SAN FRANCISCO: Microsoft Corp regained its spot as the second most valuable US company on Oct 26 after a disappointing quarterly report from Amazon.com wiped US$65bil (RM271.63bil) off the online retailer's market capitalisation.
Apple Inc tops the list at over US$1tril (RM4.17tril) after crossing that threshold in September. Microsoft's market capitalisation was Wall Street's highest in late 1998 through early 2000 before the dot-com bubble burst.
Amazon's shares dropped 7%, the most in nearly three years after its holiday season sales outlook missed targets, fanning concerns that Wall Street's tech darlings are finally starting to face stronger competition.
Microsoft fell a more modest 1.1% in a broad technology sell-off that was also driven by a weaker-than-expected report from Google-parent Alphabet Inc, leaving the Nasdaq composite index down 1.9% late Friday afternoon.
Shares of Microsoft remain up nearly 4% from Oct 24, when the four-decade-old software company beat quarterly profit expectations, driven by its cloud computing business that competes with Amazon's.
Its stock market value on Oct 26 stood at US$823bil (RM3.43tril), on track to close above Amazon's for the first time since April, when it gave up its spot as second largest company by market capitalisation.

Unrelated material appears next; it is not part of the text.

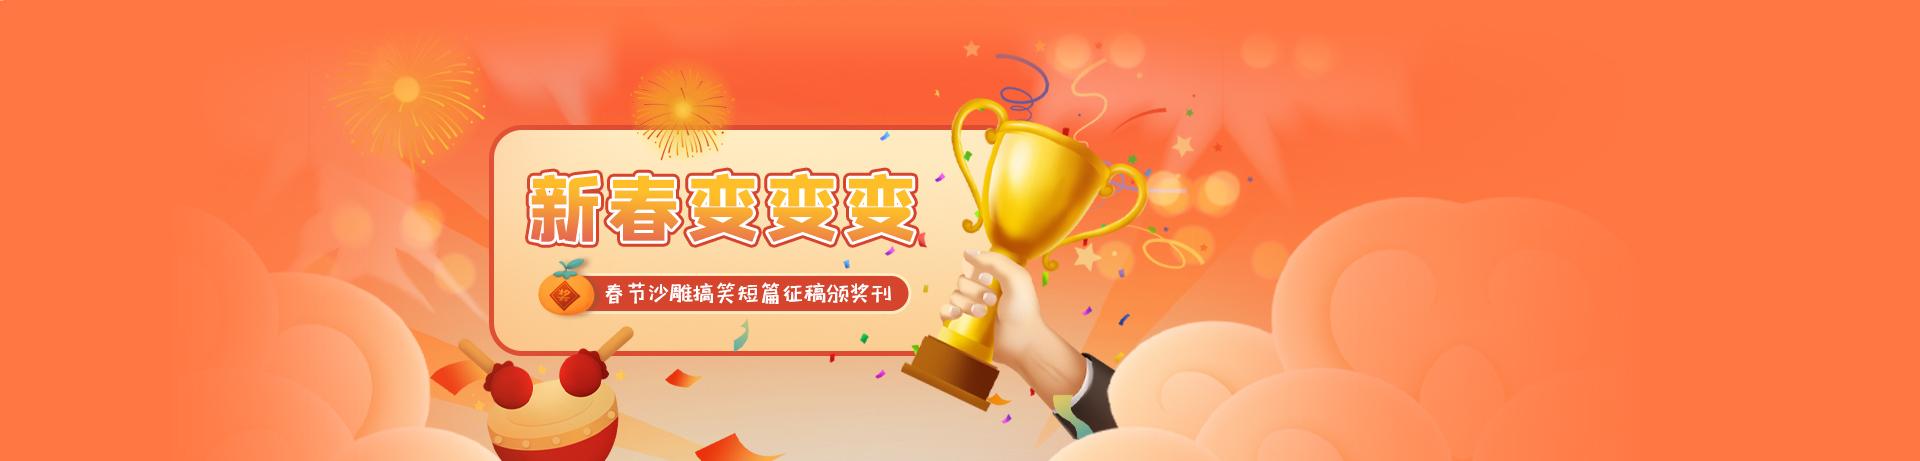 [活动]新春变变变颁奖典礼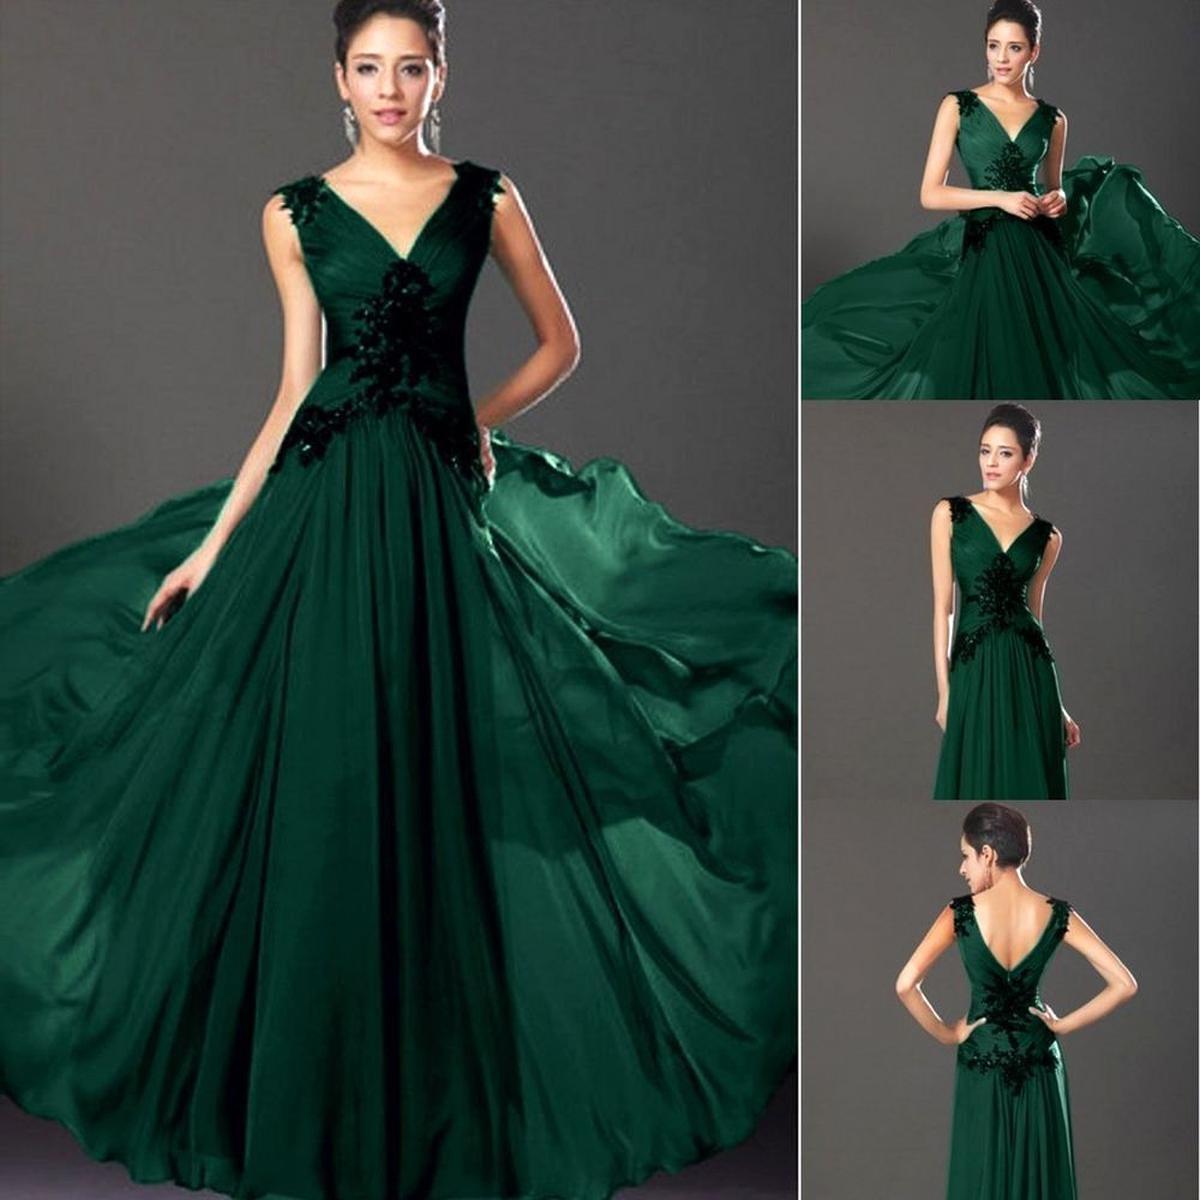 Abend Schön Abend Kleid Kaufen Design17 Ausgezeichnet Abend Kleid Kaufen Boutique

Amazon was worth US$805bil (RM3.36tril) on Oct 26, after falling below Microsoft's in extended trade on Thursday. The drop was equivalent to the combined values of Target Corp and Corning Inc.
Amazon's tumble left it up around 40% year to date, while Microsoft has gained about 25% in 2018. On Wednesday, Amazon's stock traded at the equivalent of 70 times expected earnings, its lowest level since 2011.
The average analyst price target for Microsoft puts its market cap at US$963bil (RM4.02tril), while the average price target for Amazon values it at US$1.068tril (RM4.46tril)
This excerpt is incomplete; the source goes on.